PROVIDED MATERIAL
§

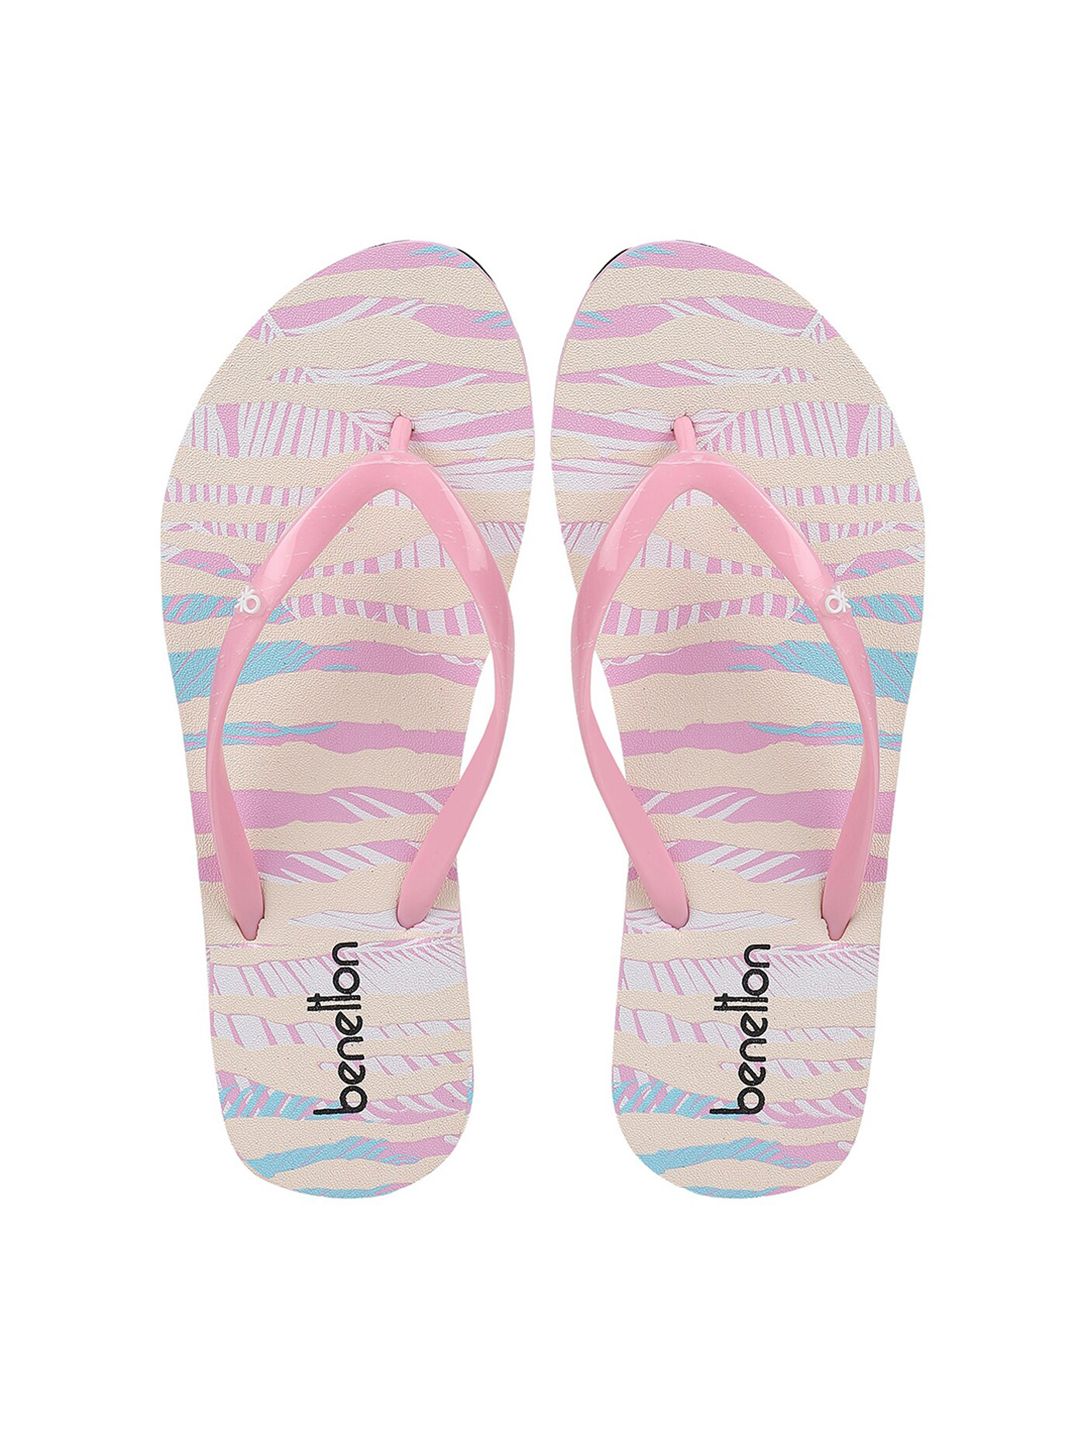 United Colors of Benetton Women Pink & White Printed Rubber Thong Flip-Flops Price in India
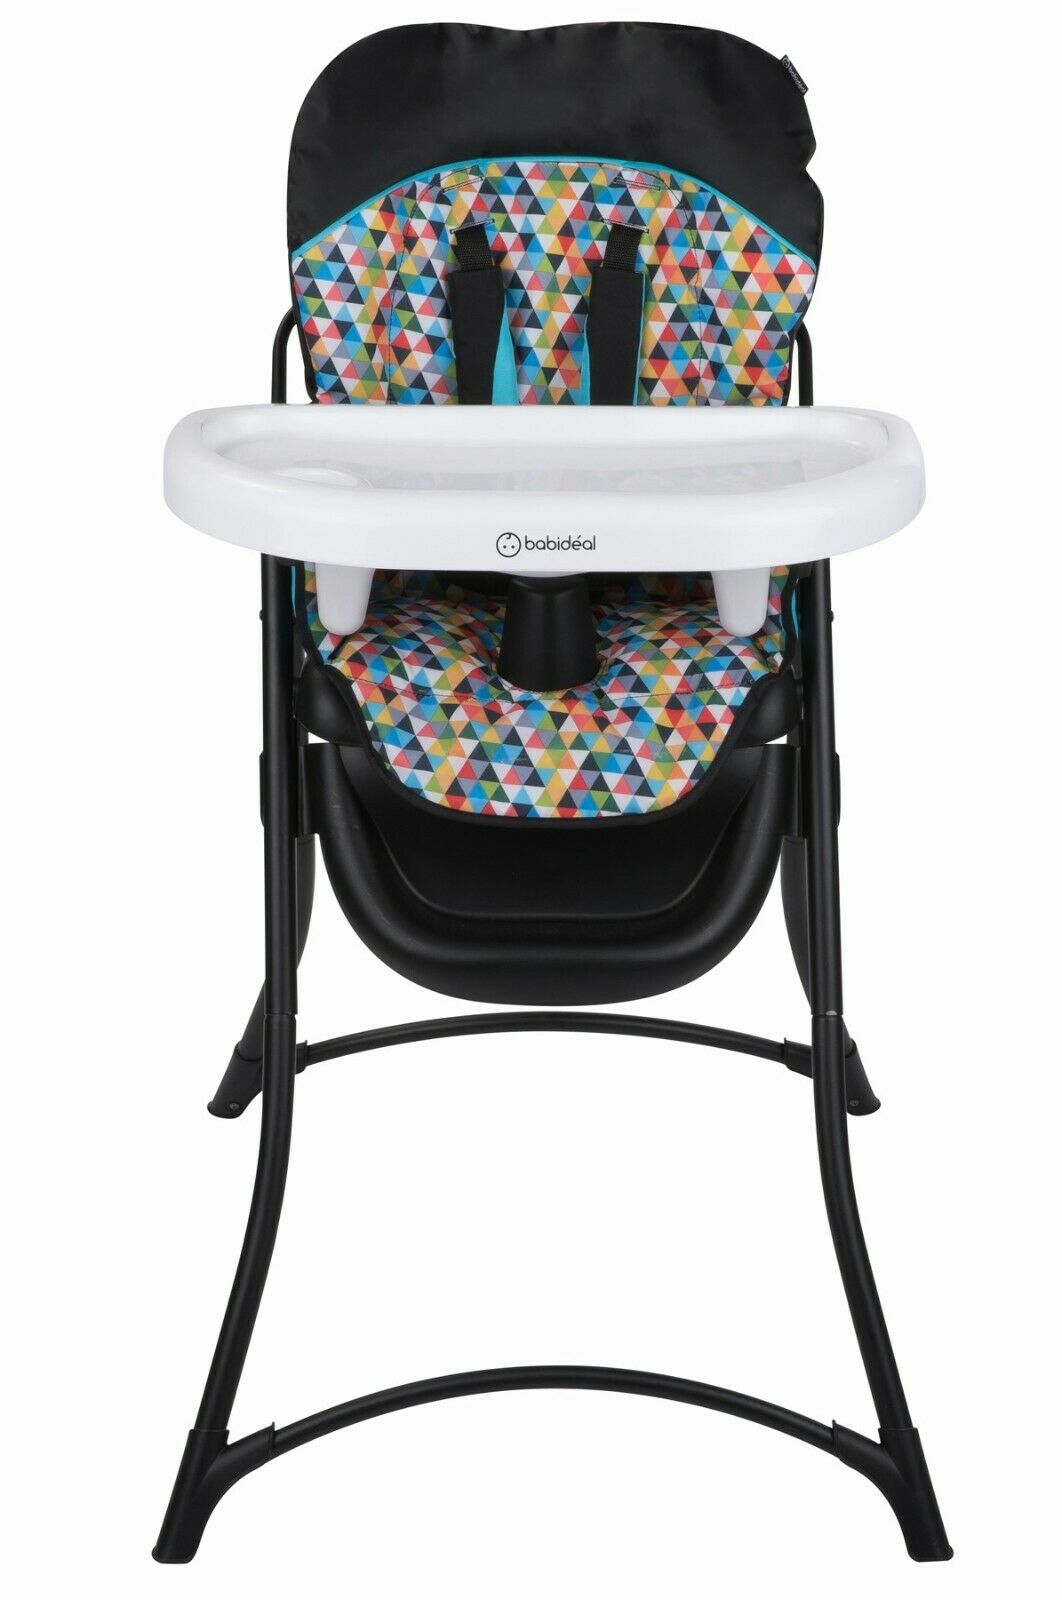 Foldable Baby Stroller Travel System with Car Seat Infant Playard High Chair Set
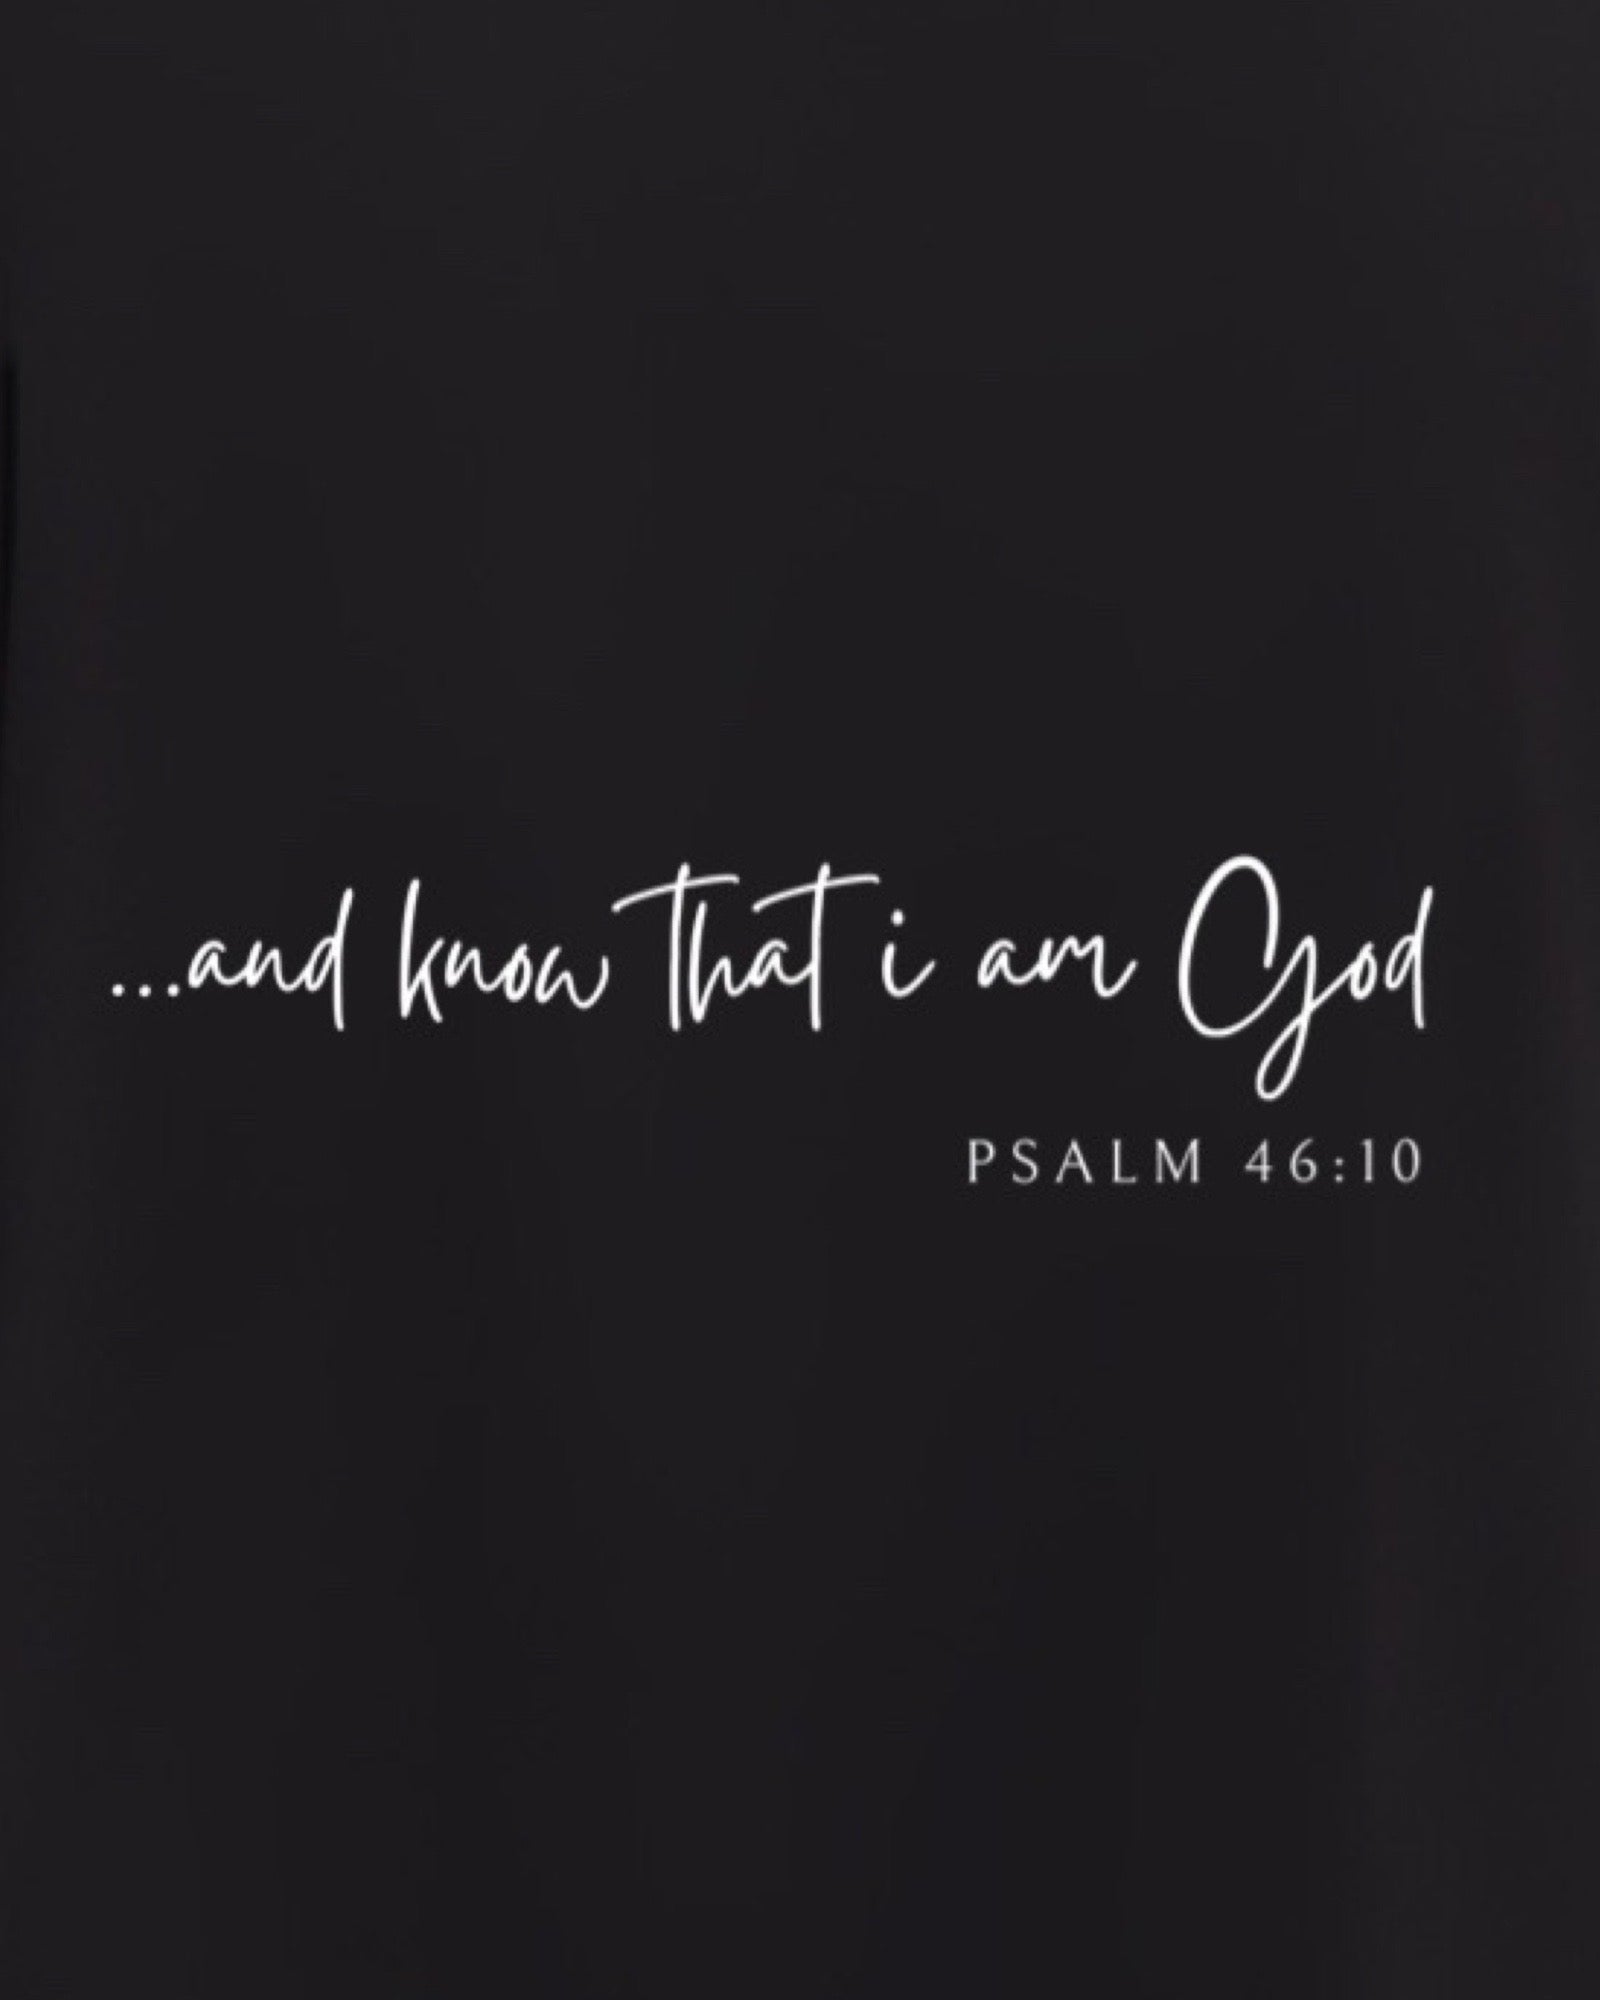 Be Still and Know that I am God - Christian T-shirt (Close up)

§

DESCRIPTION OF THE TASK
Transcribe the listing exactly, skipping pictures.

SOLUTION FOR THIS PROBLEM
 United Colors of Benetton Women Pink & White Printed Rubber Thong Flip-Flops Price in India
 Foldable Baby Stroller Travel System with Car Seat Infant Playard High Chair Set
 Be Still and Know that I am God - Christian T-shirt (Close up)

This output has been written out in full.